Efficacy of Two Doses of Duloxetine and Amitriptyline in Subjects With Refractory Chronic Cough (MACS-1)

March 29, 2024 updated by: Vivek N Iyer, Mayo Clinic

A Randomized, Double-blind, Placebo-controlled, Dose-escalation Study Evaluating the Efficacy of Two Doses of Duloxetine & Amitriptyline in Subjects With Refractory Chronic Cough

This research study is evaluating the effectiveness of escalating doses of Amitriptyline and Duloxetine in reducing cough frequency in patients with refractory chronic cough (RCC)

Study Overview

Detailed Description

This is a randomized, double-blind, placebo-controlled, parallel-arm, dose escalation study of Duloxetine & Amitriptyline in subjects with refractory chronic cough. Subjects will be screened during a period of up to 2 week and will undergo screening/ baseline cough monitoring. A total of 50 subjects who meet entry criteria will be randomly assigned in a 1: 1: 1: 1: 1 ratio to one of five treatment arms using stratified randomization in blocks of 10. Each arm will have two successive 4-week treatment periods (Blinded Period 1 & 2). After this, patients will be unblinded and receive routine clinical care. During the unblinded (routine clinical care) follow up phase; subjects will be initially offered the option of continuing amitriptyline or duloxetine based on their initial randomization arm. Subjects could also choose an alternative chronic cough therapy (e.g. pregabalin, gabapentin, 1% tetracaine lollipop or nebulized lidocaine or combination therapy).

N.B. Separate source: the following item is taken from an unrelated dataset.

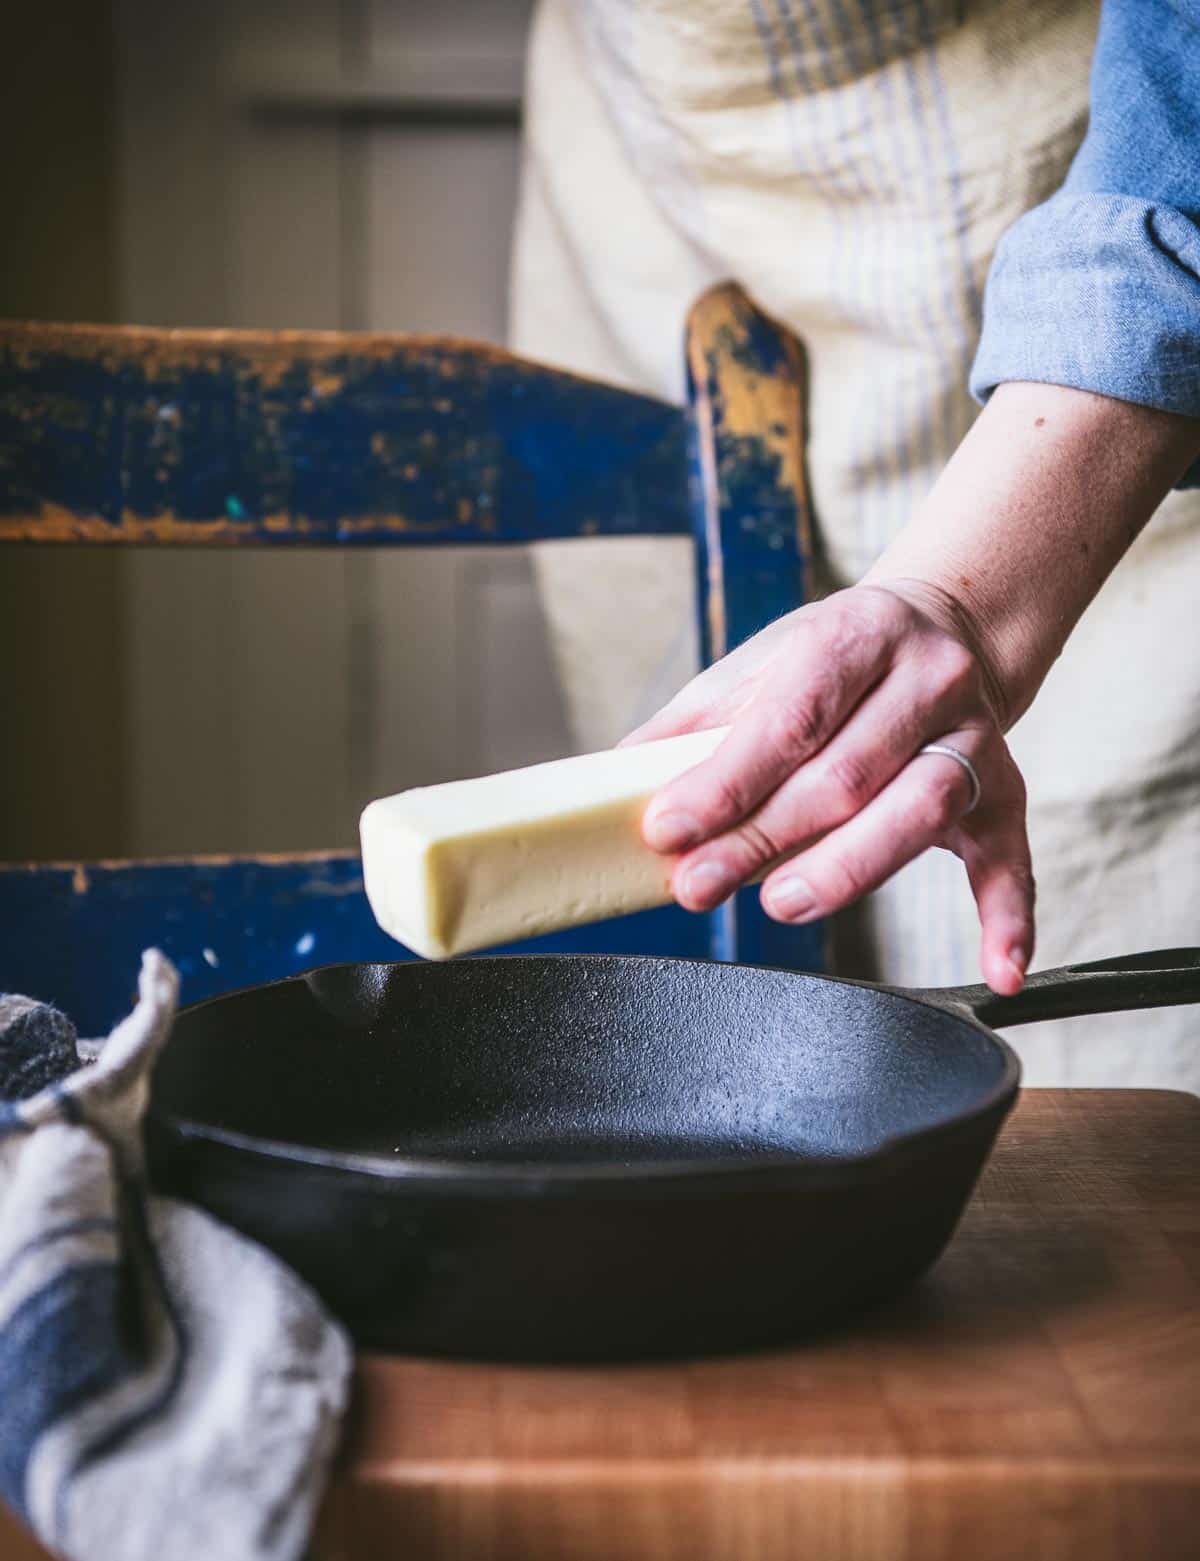 Placing a stick of butter in a cast iron skillet.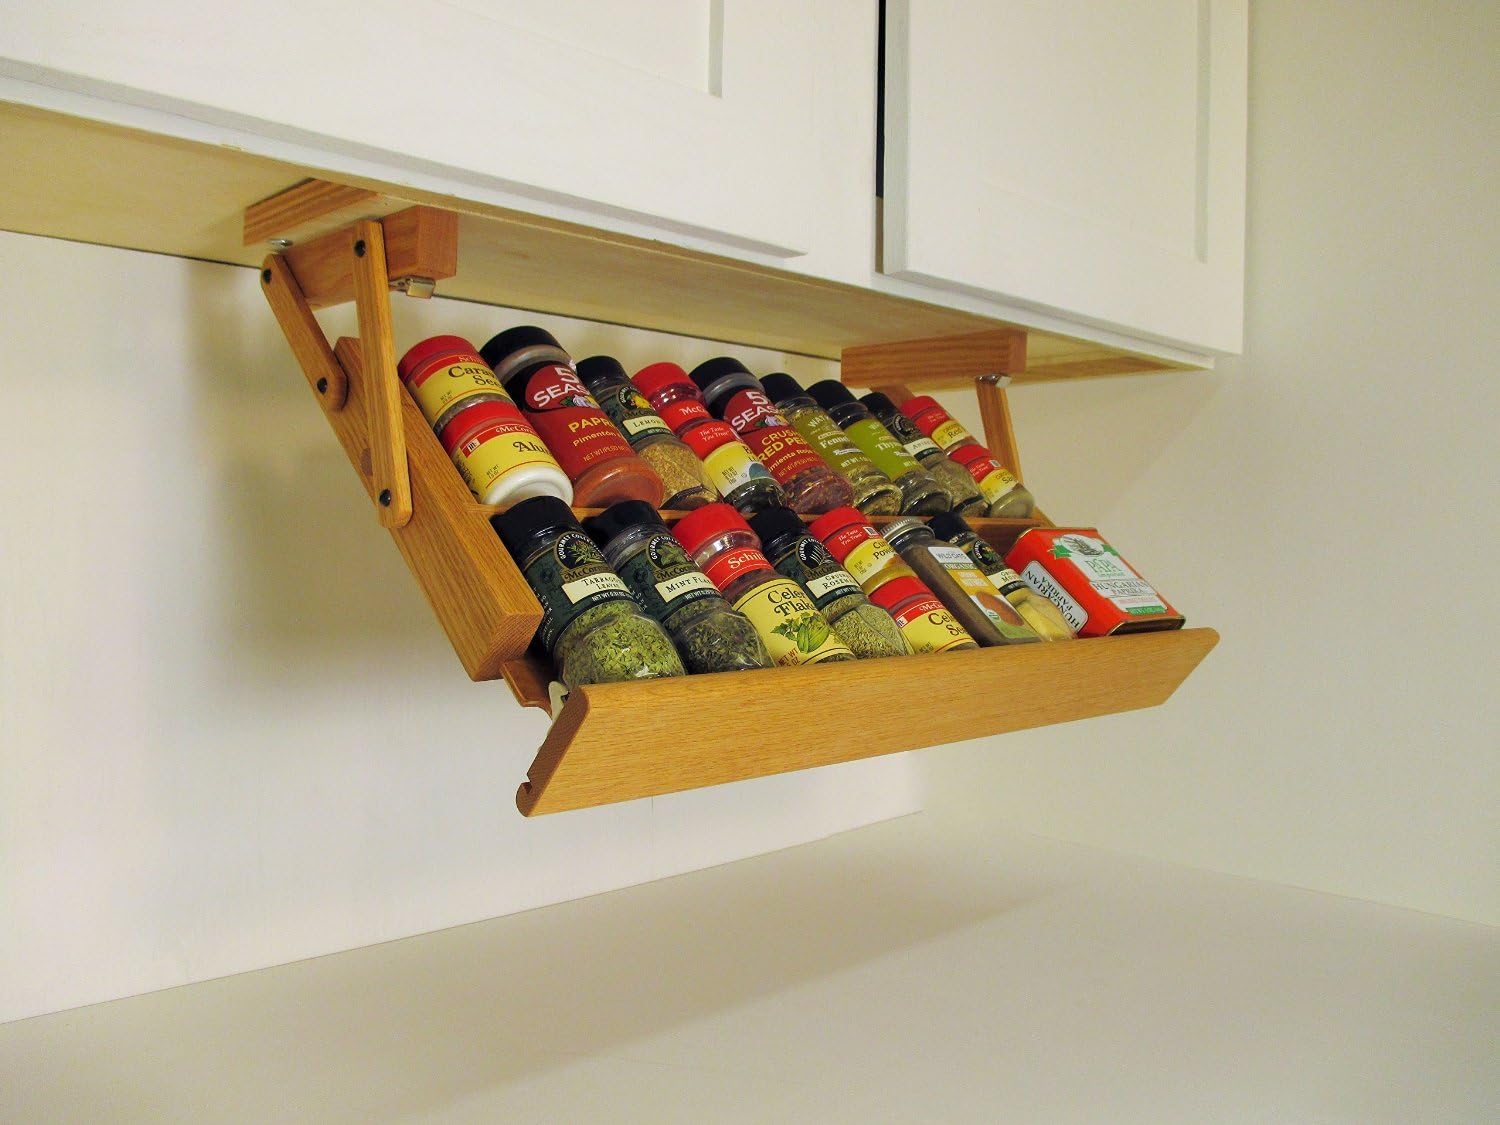  cabinet under spice rack parallel imported goods

Subjects in treatment arm 5, who received placebo during the 8 weeks blinded period will have a discussion regarding all available cough therapies. Patients will be offered the flexibility of therapy options during the unblinded follow up as they would during routine clinical care. Participation in the unblinded follow-up period will be optional.

Treatment Arm 1:

Blinded Period 1 (1st 4 weeks): 30mg of Duloxetine Blinded Period 2 (2nd 4 weeks): 30mg of Duloxetine & 30mg of Placebo Unblinded (routine clinical care) follow up period: (up to 52 weeks): Subjects will be offered routine clinical care management for their chronic cough

Treatment Arm 2:

Blinded Period 1 (1st 4 weeks): 30mg of Duloxetine Blinded Period 2 (2nd 4 weeks): 60mg of Duloxetine (2 pills of 30mg each) Unblinded (routine clinical care) follow up period: (up to 52 weeks): Subjects will be offered routine clinical care management for their chronic cough

Treatment Arm 3:

Blinded Period 1 (1st 4 weeks): 25mg of Amitriptyline Blinded Period 2 (2nd 4 weeks): 25mg of Amitriptyline + 25mg of Placebo Unblinded (routine clinical care) follow up period: (up to 52 weeks): Subjects will be offered routine clinical care management for their chronic cough

Treatment Arm 4:

Blinded Period 1 (1st 4 weeks): 25mg of Amitriptyline Blinded Period 2 (2nd 4 weeks): 50mg of Amitriptyline (2 pills of 25mg each) Unblinded (routine clinical care) follow up period: (up to 52 weeks): Subjects will be offered routine clinical care management for their chronic cough

Treatment Arm 5:

Blinded Period 1 (1st 4 weeks): 30mg of Placebo Blinded Period 2 (2nd 4 weeks): 60mg of Placebo (2 pills of 30mg each) Unblinded (routine clinical care) follow up period: (up to 52 weeks): Subjects will be offered routine clinical care management for their chronic cough

Study Type

Interventional

Enrollment (Estimated)

50

Phase

  • Phase 2

Contacts and Locations

This section provides the contact details for those conducting the study, and information on where this study is being conducted.

Study Locations

    • Minnesota
      • Rochester, Minnesota, United States, 55905
        • Recruiting
        • Mayo Clinic in Rochester
        • Contact:
        • Principal Investigator:
          • Vivek N Iyer, M.D, M.P.H
        • Sub-Investigator:
          • Ashley M Egan, M.D.
        • Sub-Investigator:
          • Sumera R Ahmad, M.D.
        • Sub-Investigator:
          • Sumedh S Hoskote, M.D.

Participation Criteria

Researchers look for people who fit a certain description, called eligibility criteria. Some examples of these criteria are a person's general health condition or prior treatments.

Eligibility Criteria

Ages Eligible for Study

18 years to 75 years (Adult, Older Adult)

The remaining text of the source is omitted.